I have to apologize because I feel like my blog took on a more negative tone than what I want, and I want to be a positive force in this world, not negative. So I definitely don't want to bring anyone down, and I apologize if I did.
That being said, I also started this blog because I want to spread the message of veganism, but I also selfishly started it as a way for me to get happy and healthy, and part of that is expressing how you feel, and if venting on my blog is going to help me stay on the path of no cigarettes, than I am always going to try to make the healthy choice. This week has been super challenging for me, and I'm still learning how to cope with life without smoking and drinking the feelings away and it is hard, especially when you live in a place where being unhealthy and miserable is celebrated, and anything else is weird. So this week I am battling that side of me saying " if you can't beat em, join em. "

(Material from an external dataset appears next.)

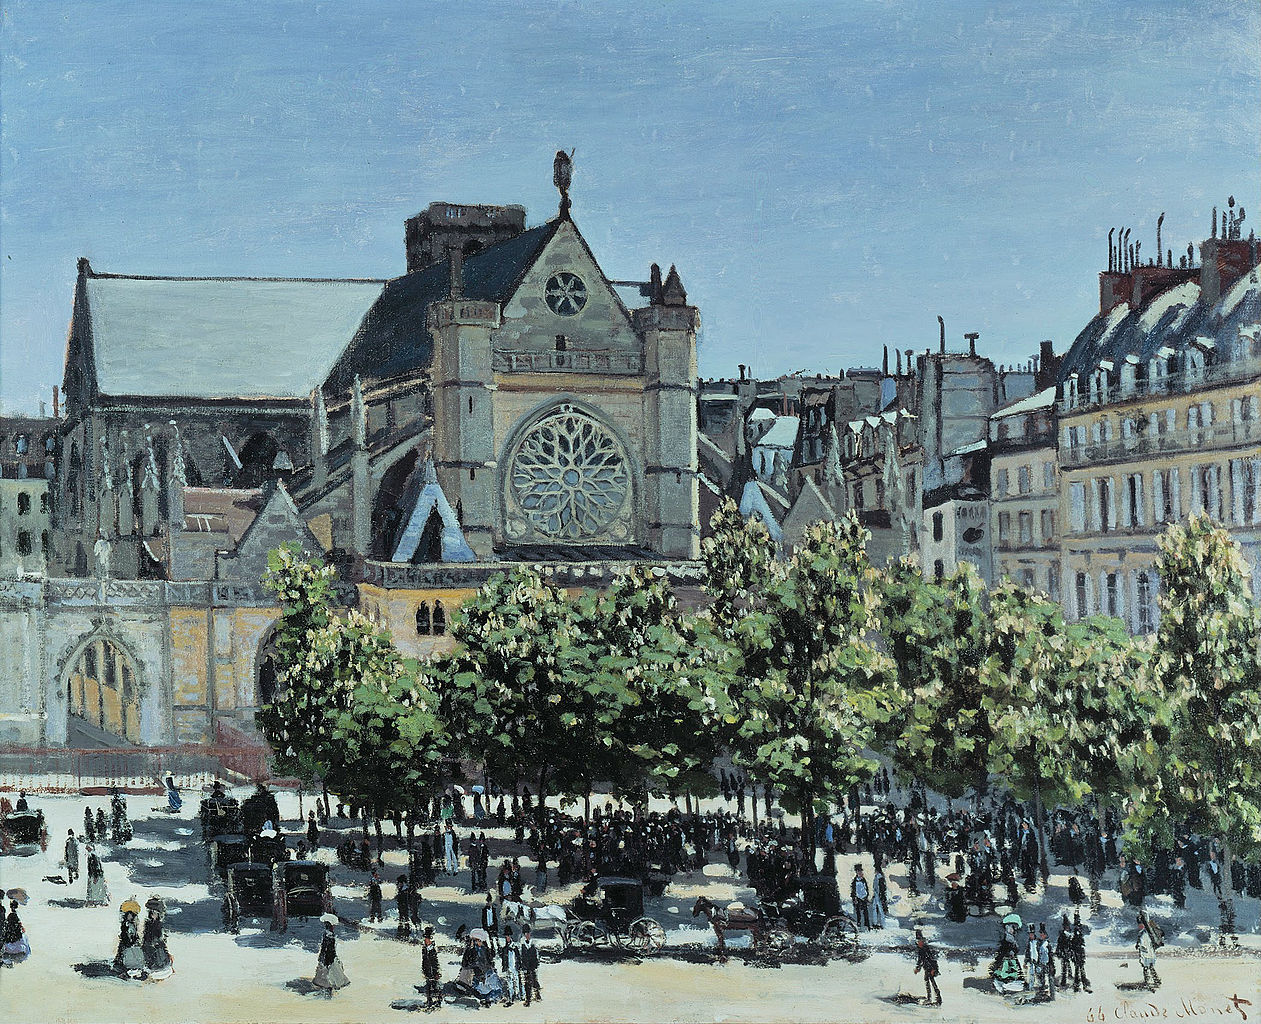 Claude+Monet-1840-1926 (708).jpg

I also think that maybe some people out there may not know how much of a fight we have on our hands. When I lived in Seattle, I certainly didn't know that racism was still this bad. I lived in the wonderful bubble of Seattle and was completely unaware that there are parts of America that don't care about the environment, don't care about human rights or animal rights. So this has been very eye opening.
I'm also aware of my own hypocrisy, as I scream tolerance and compassion, yet I have no tolerance or compassion for intolerant people full of isms, so I guess that's a flaw I have to work on. I don't know if anyone has been face to face with hate, but I have and when someone is looking you in the eye and ranting using the n word to describe people, it's a dark place, and I don't know if I will ever be able to have compassion for that mindset. Maybe I will just have to let myself be a hypocrite on this one.
So I guess I'm apologizing, but also saying that I can't promise I won't be venting again because I am fighting to keep my sanity, and continue down a more fulfilling path, and as pathetic as it sounds to my own ears, this blog is pretty much all I have right now to air my feelings as I have an almost non-existent support system.(hi Drew)
Now onto gratitude. 1) I'm grateful that I feel a little bit stronger today than I did yesterday 2) I'm grateful that I have a safe place to call home 3) I'm grateful for my wonderful grandparents who were my everything when I was a child, and I believe they helped make me who I am today as they always celebrated my love of animals and their three dogs, Muffy, Angel, and Lucy always made me so happy.